Trap and Trace
Megan Carney
Publication date: July 18th 2017
Genres: Adult, Adventure, Thriller

A sabotaged CIA operation makes Navy Trent a captive. But surviving the kidnapping is just the beginning of her ordeal. The CIA will kill her if she doesn’t stay quiet. The saboteurs will kill her if she does. Navy is forced into a high-tech, high-stakes game of cat-and-mouse where only her wits – and a little bit of luck – can keep her alive.

Goodreads / Amazon

 

Author Bio:

Megan Carney is an author, geek and amateur photographer living in the Twin Cities. She has ten years of experience in the field of computer security. Her previous short story publications include: ‘Flighty Youth’ in the Raritan, ‘Modern Mayhem’ in the Wayfarer, ‘Swing By Close’ in the Wayfarer, ‘Directions’ in the Bell Tower. ‘Swing By Close’ and ‘Directions’ both won first prize in the fiction sections of that issue. The Christian Science Monitor dubbed her self-published photography book, ‘Signs of My Cities’ as having “youthful zest.”

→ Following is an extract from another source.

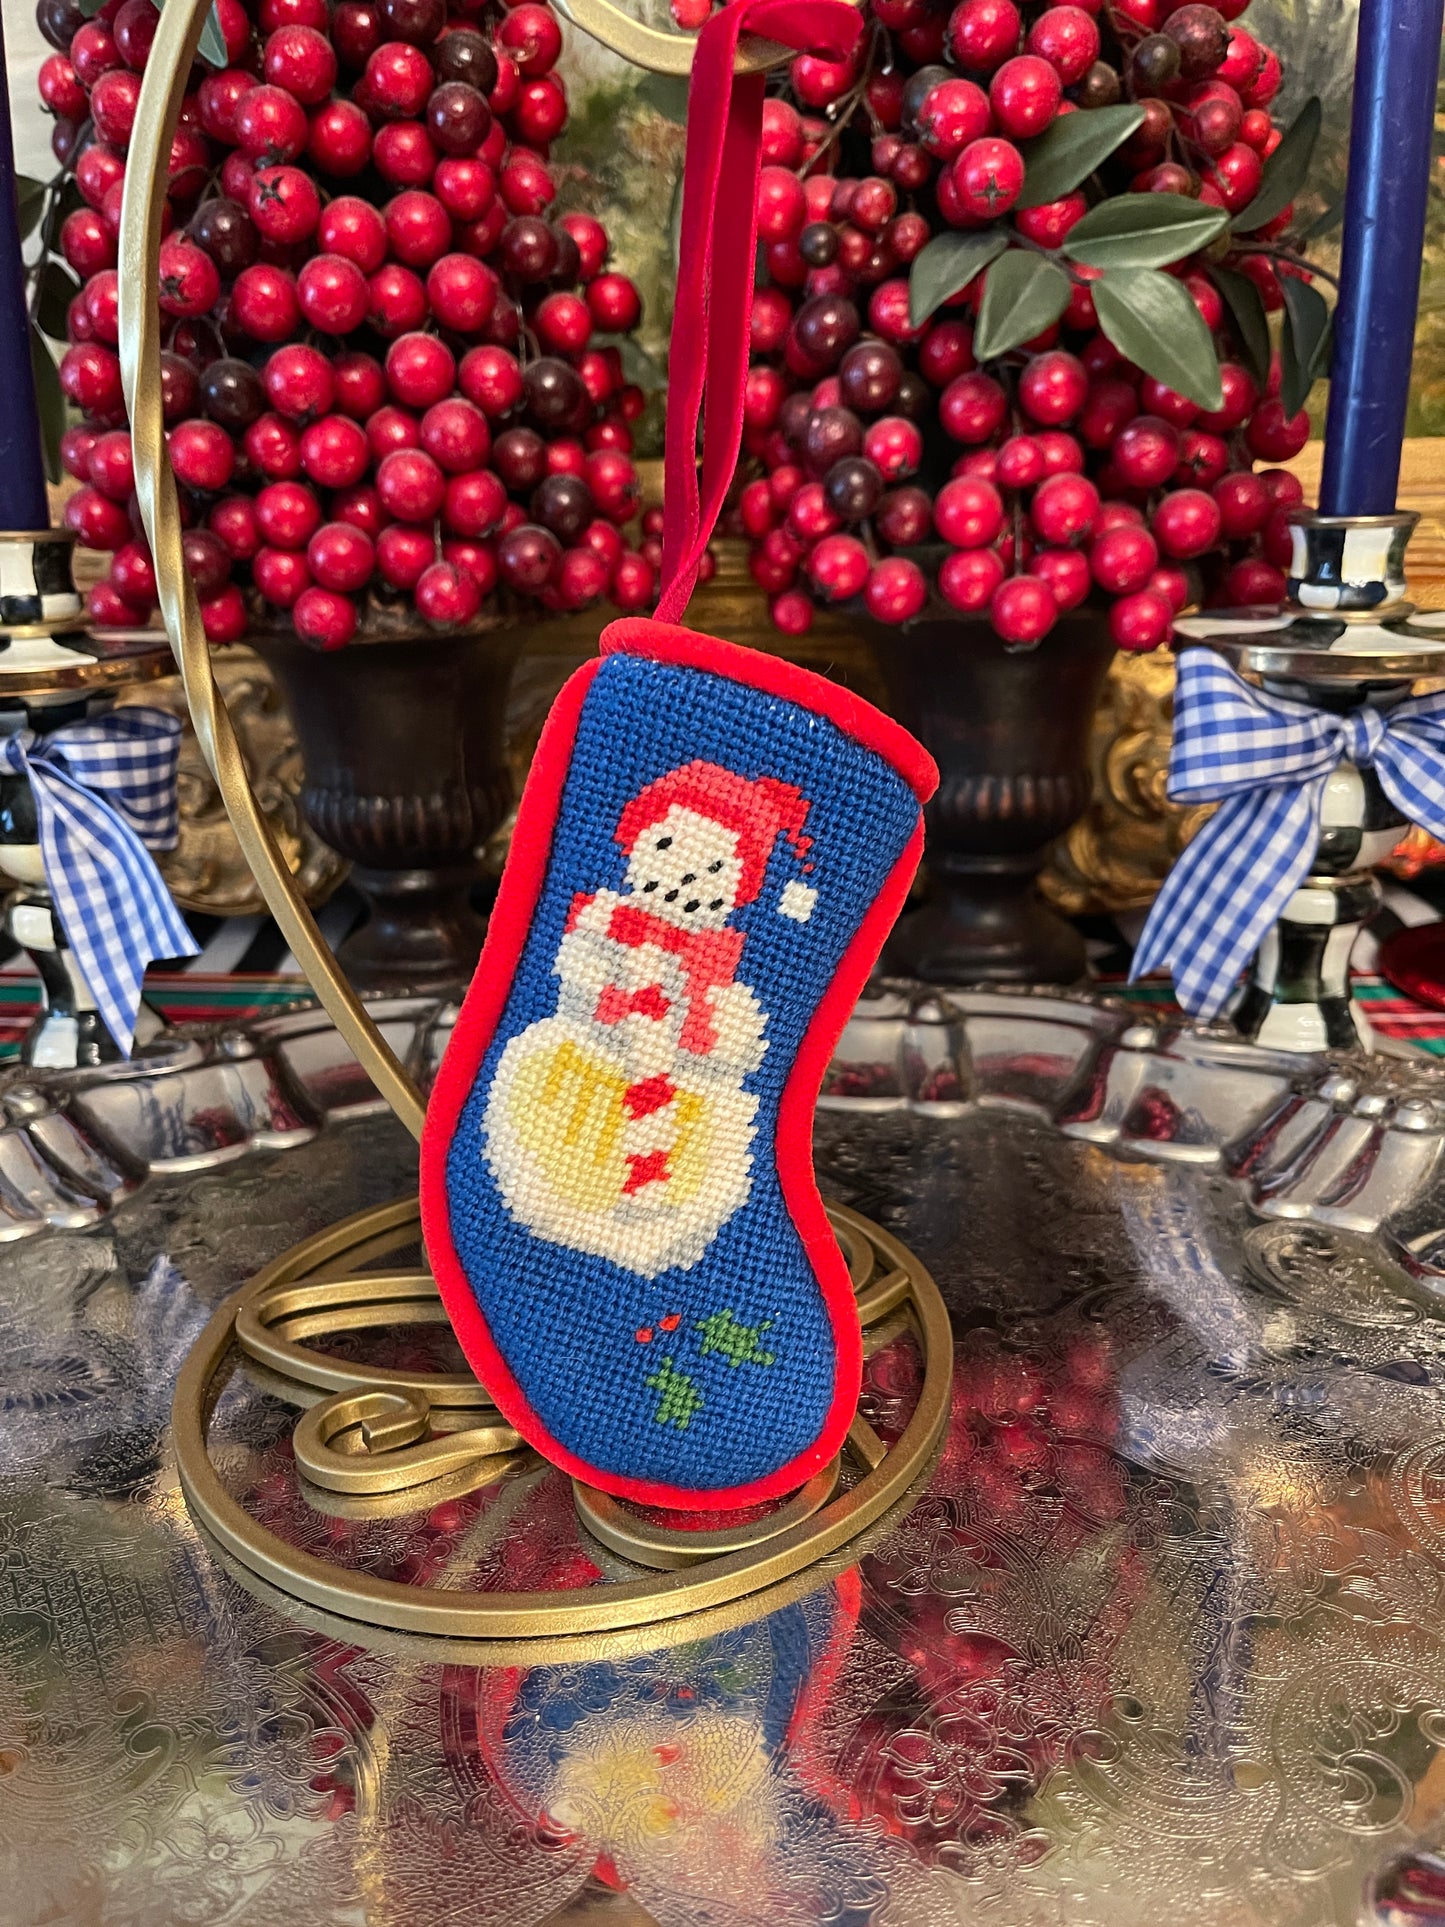 Vintage Needlepoint Snowman with Red Stocking Cap Christmas Ornament
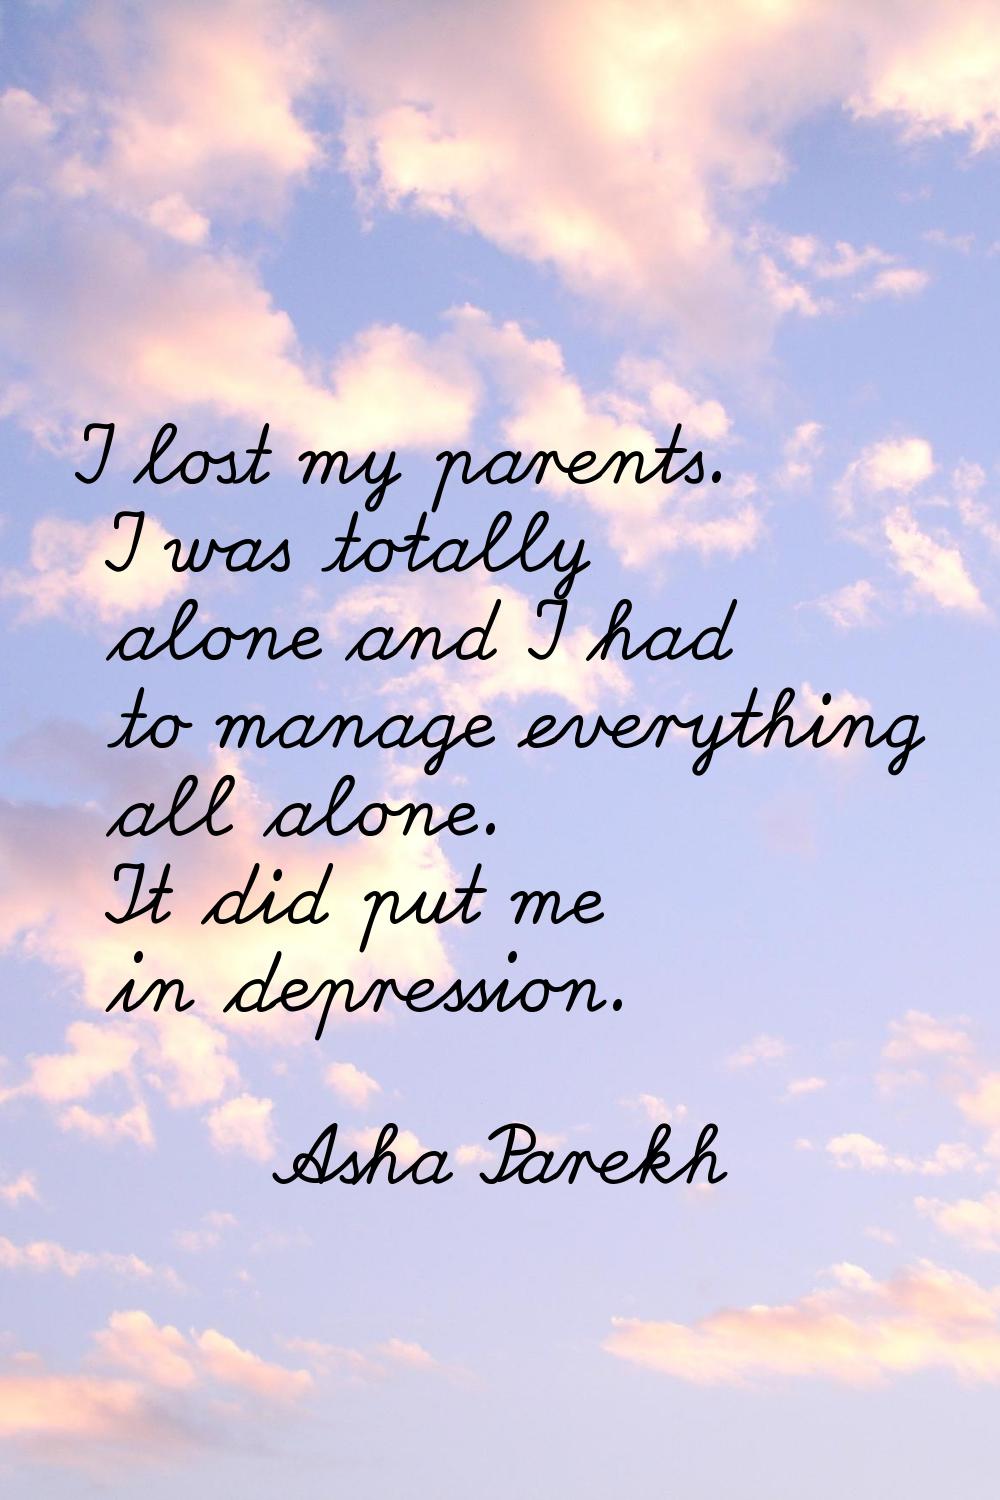 I lost my parents. I was totally alone and I had to manage everything all alone. It did put me in d

Her non-literary creations include: a robot to clean the bathroom tub, Zim and Gir costumes, No-Dig tomato stakes, StickFriend the bear bag hanger, and a burning coal costume so she could be Katniss for a night.

 

author-interview

  1. Do you do a lot of research for your books?

 

I do. I probably research too much, but I think even in fiction getting the details right matter. If I see a show or a book where torture is used and it’s portrayed as an effective solution to a problem I get a little upset. Or if I read something that implies Islam is synonymous with terrorism. Even though stories are fiction, the subconscious is a tricky thing. Readers carry the ideas from books into real life, whether they know it or not.

 

The hardest thing I’ve found is that you can’t fit everything you learn in your novel without making it a text book. The book I’m working right now involves North Korea and I read so many terrible, fascinating things I wish I could share with the world. But I have to choose carefully what I put in so I don’t overwhelm the story with facts.

 

  1. Are any of your characters based on people in your life?

 

Very loosely. Tying a character too closely to a real-life person is distracting for me. I find myself asking “would this person do that?” and I can never answer those questions for sure. Also, I don’t want anyone I know to feel like they found themselves in a character I’ve written. On occasion, I ‘ve used a direct quote from one of my friends but I always run it by them first.

 

  1. Any favorite drinks/food you have while writing?

 

I tend to lose time and forget to eat when I really get caught up. But a good cup of hot chocolate never hurts.

 

  1. Did you always know you wanted to be a writer?

 

Yes, though I gave up the dream for a while. When I picked the idea back up, I had to adjust my expectations. I had this idea that you work to get an agent, and then you get a book contract and then, poof!, magically the rest takes care of itself. I don’t know if the publishing business ever was that way, but it’s certainly not that way now. Even the authors I know who have contracts with publishers aren’t necessarily getting a lot of support from their publishers, unless their books are bestsellers.

 

I don’t know if writing will ever be my day job. I hope so. But I know it’s something I have to do, so I’ll just keep doing it.

 

  1. You have experience in computer security. Did you get a lot of ideas while doing that kind of work?

 

I have more novels in my head than I have time to write. Pretty much every day I see a headline or a some sort of research that gives me a new idea. Just last year I saw this article about how some researchers had discovered glasses with a special pattern on the frame could defeat facial recognition algorithms and trick them into seeing someone entirely different. Not a pattern on the lenses, just on the frame itself. The internet of things also has a lot of potential stories.

 

Devices like Alexa and Google Home are listening all the time. Any device with voice-activated commands is listening all the time. Just recently, there was a case where recordings from Alexa were subpoenaed by investigators on a murder case. I could see a lot of interesting plot twists where voice recordings are abused by an attacker, or used against one. Even some fancy refrigerators have internet-connected features now where someone could potentially display messages, or mess with your grocery list.